Together, they determine what a clinic needs and develop a plan to make the changes.

Communities may need medical equipment or new waiting rooms or privacy screens. Service providers receive additional training to improve service delivery. Local artisans are engaged to repair tiles or doors or paint walls. None of the makeovers cost more than $1,500 U.S.

Workers may paint or tile or make other physical improvements. Community leaders might cook food for the workers or scrub the windows or do whatever else is needed. Equipment is delivered and installed. All of this over the course of a long weekend.

On Monday, the clinic reopens with a celebration – and a whole new look and feel. And everyone from the service providers to the community members to the patients feel a sense of pride and ownership in the finished product.

“It is amazing that this huge renovation was done within 72 hours, in fact less than 72 hours because you come in here just on Friday and today is Monday and everything is ready,” said of the chiefs in Oyo State in Southwest Nigeria, said as he waited for his improved clinic to open. “We are very happy.”

The impact is felt almost immediately. After one NURHI-led makeover at a health clinic in Kano State in Northwest Nigeria, there was so much demand that the facility now operates on a 24-hour schedule.

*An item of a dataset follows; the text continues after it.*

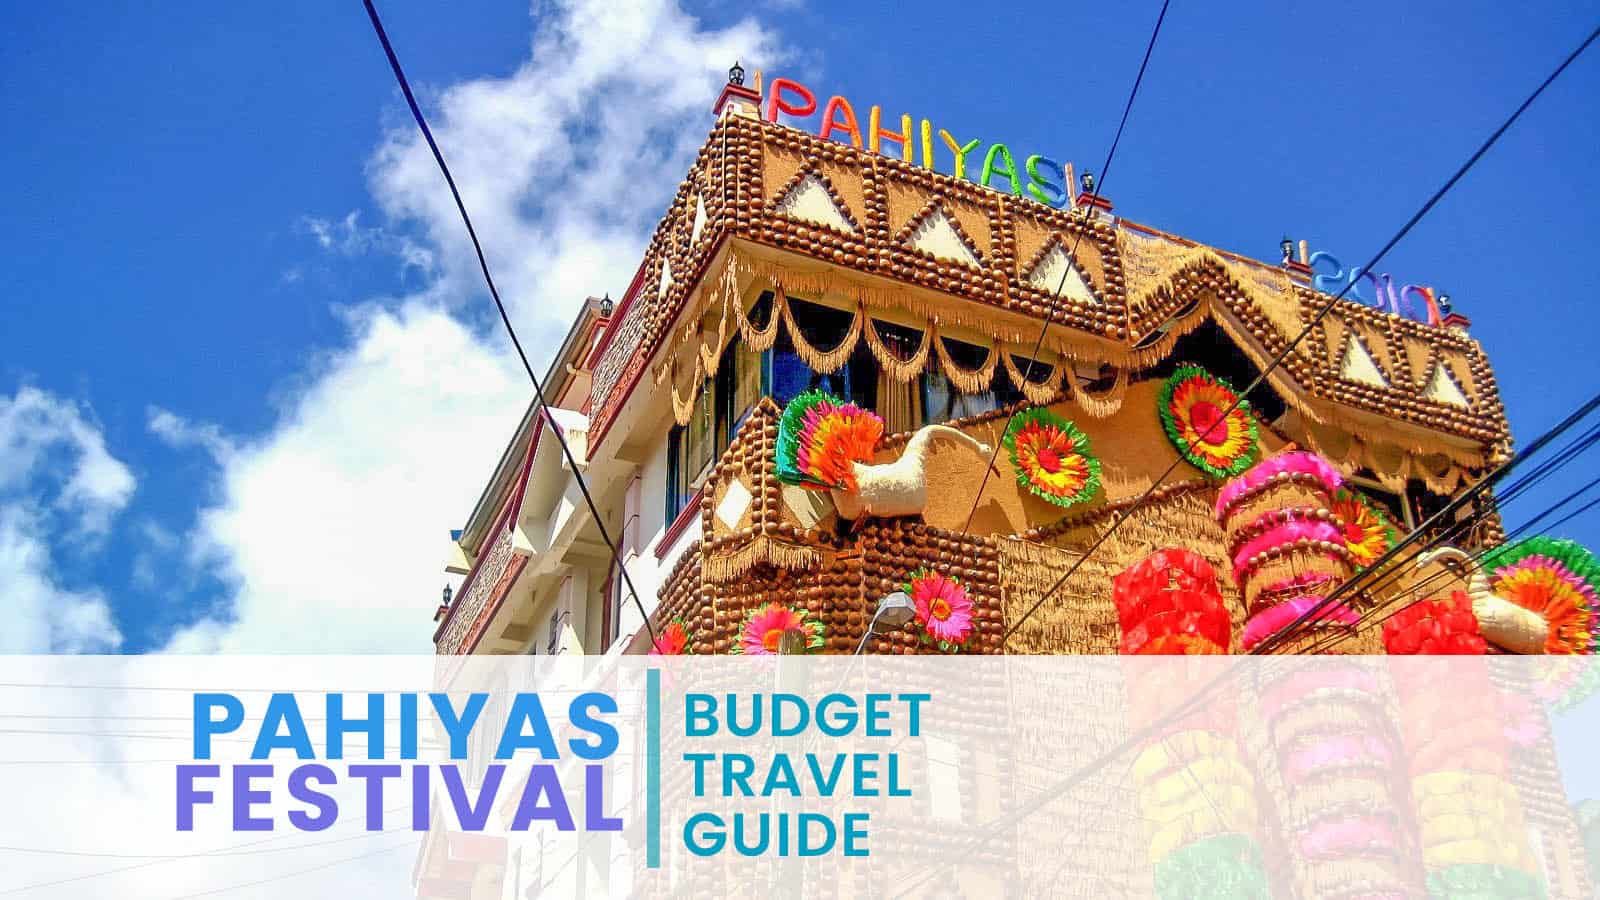 PAHIYAS FESTIVAL ON A BUDGET: Travel Guide & Itinerary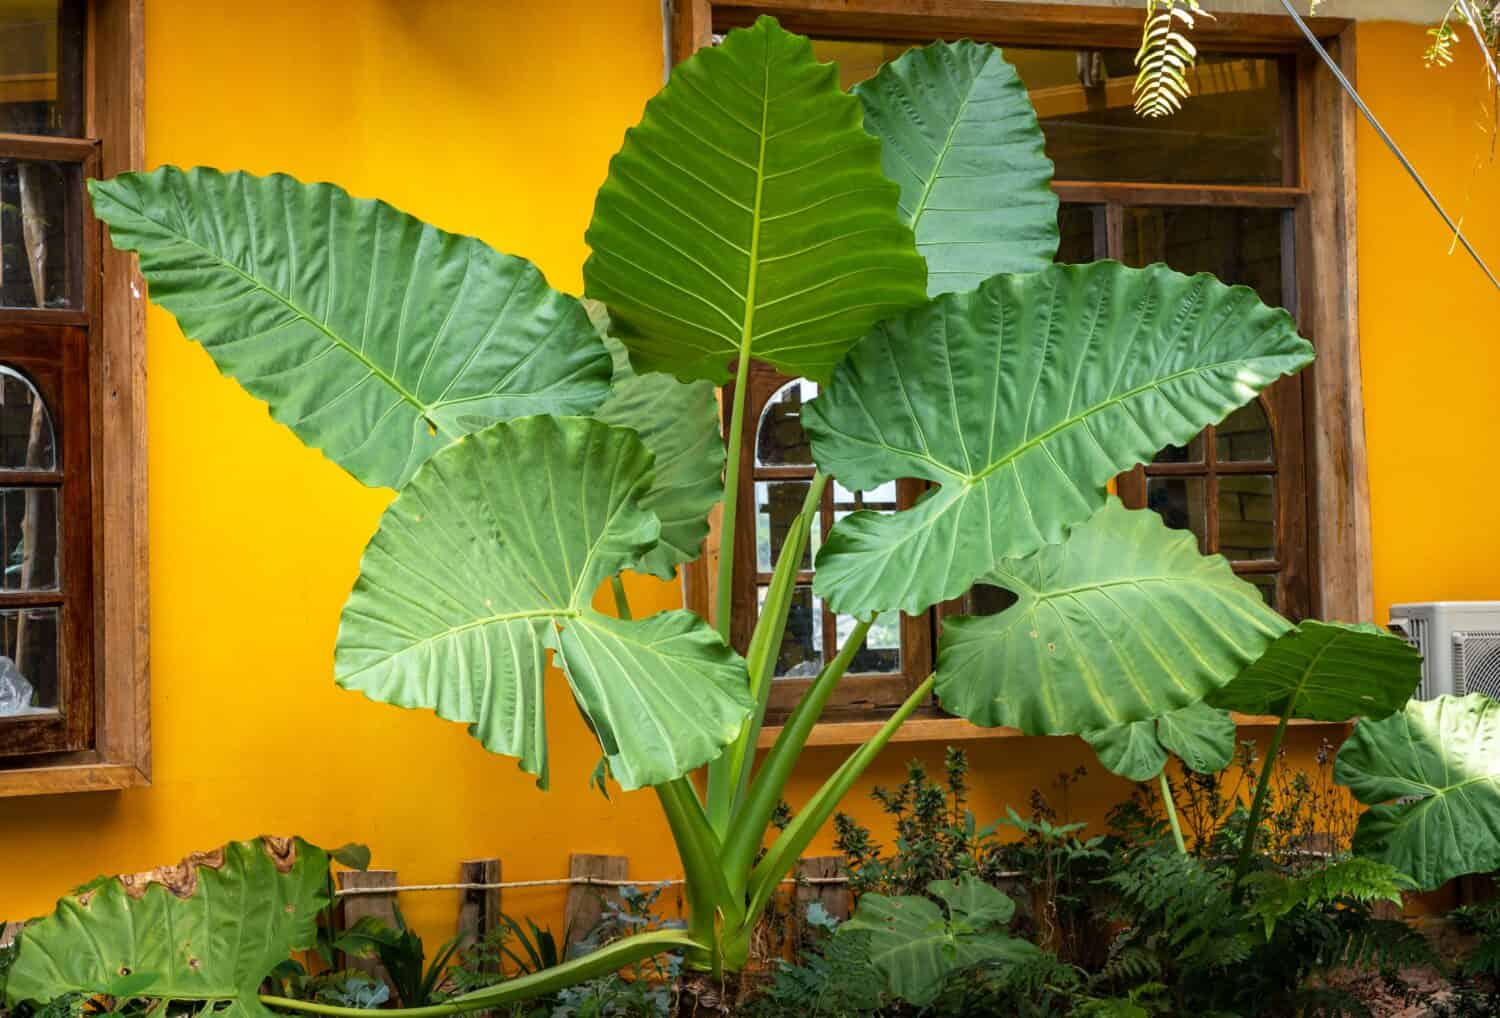 Alocasia Macrorrhiza (or Giant Elephant Ear) plant growth in the garden. This plant is a spectacular tropical landscape plant with giant leaves the look like elephant ears.

In Oyo State, the Akeetan Baale health center saw a 108 percent increase in new family planning adopters in the six months before their February 2017 makeover compared to the six months after. In Kaduna State, the CHC Jaji health center saw a 200 percent increase in new family planning adopters in the six months after their October 2016 makeover. Examples just like there can be found across Nigeria.

“In every clinic we have performed a makeover, visits are up, especially those for family planning services,” says CCP’s Rael Odengo, the Baltimore-based program officer for NURHI. “These makeovers make it easier for people across Nigeria to adopt modern contraception by transforming their local health clinics in a matter of hours. We have learned that you can make real change in a very short period of time.”

It’s not just a physical makeover. It’s also a psychological transformation.

Abimbola Teniola, a 35-year-old civil servant in Nigeria, was recently nursing her baby at one of the clinics that received a makeover. She has certainly noticed a difference and tells other women she encounters about the benefits of family planning and the contraceptive methods offered in the clinic.

“The treatment I received at the health facility was very welcoming and cordial,” she says. “The environment was also very neat and I had privacy, unlike before where you have to see the nurse in the presence of everyone.”